French police have some quite surprisingly wide-ranging powers that apply to everyone in France, whether resident or visitor.

Reader question: Do French police have the right to see my ID?

The Local subscribers in France are no doubt, responsible and law-abiding people – but, even so, it is very possible that they will find themselves in situations that involve contact with the police.

One reason for police to stop an ordinary civilian is for a contrôle d’identité (identity check). This is when a police officer stops to check your identity. 

This can only happen under certain conditions: 

  • the officer suspects you have committed or will commit a crime; 
  • you are in a ‘dangerous’ location where crime is known to occur; 
  • the public prosecutor has ordered a particular area to be watched; 
  • or you are operating a motorised vehicle (a contrôle routière).

If you’re driving, officers have the power to pull you over for an identity check – even if you were driving safely and within the speed limit – and a search of the vehicle and/or luggage may be carried out.

If you refuse to provide proof of identity, the police can find you guilty of refusing to obey or find you guilty of contempt and rebellion. Really.

READ ALSO ‘Don’t mess with French cops’ – Top tips for dealing with police in France

If you are not carrying any document that could prove your identity, the officer can take you to a police station to check your identity there. If this happens, the verification process must not last longer than four hours from the first request for ID – in Mayotte, this period is eight hours.

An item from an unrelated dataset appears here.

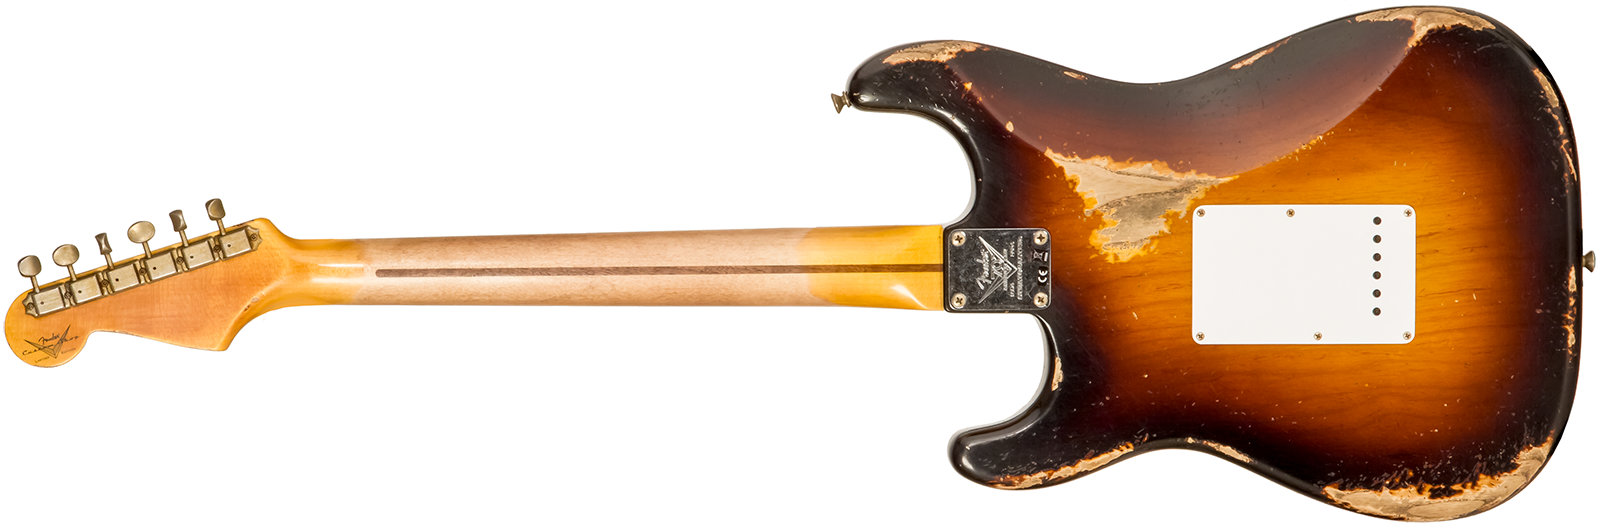 Fender Custom Shop Strat 1954 70th Anniv. 3s Trem Mn #xn4324 - Heavy Relic Wide Fade 2-color Sunburst - Guitare Électrique Forme Str - Variation 1

If you maintain your refusal to be identified, or if there is no other means of establishing your identity, the public prosecutor or the investigating judge may authorise the taking of fingerprints and photos.

Refusing to submit to fingerprinting or having a photograph taken is punishable by a fine of up to €3,750 and three months in prison.

Activists and NGOs argue that police practice racial profiling when they perform ID checks and it’s true that these ‘random’ checks seem to happen more frequently to people of colour.  

READ ALSO What to do if you are arrested in France

Non-French citizens who are resident in France may also have to prove their right to residency – a passport or residence permit is acceptable as, importantly, is the confirmation of anyone with you who is either a French citizen or legally resident in France.

READ ALSO EXPLAINED: What are your legal rights as a foreigner in France?

In France, it is strongly recommended that you carry some form of ID at all times, just in case you are stopped by officials. In fact, no text obliges you to have an identity card but if you are subject to an identity check, the procedure will take longer if you cannot present an appropriate document.

French citizens have ID cards, but if you’re not French then a passport or residency card such as a carte de séjour are the most usual ways to prove ID. 

Equally, you may be required to prove your identity for any number of administrative reasons – which makes it easier to have some form of ID with you.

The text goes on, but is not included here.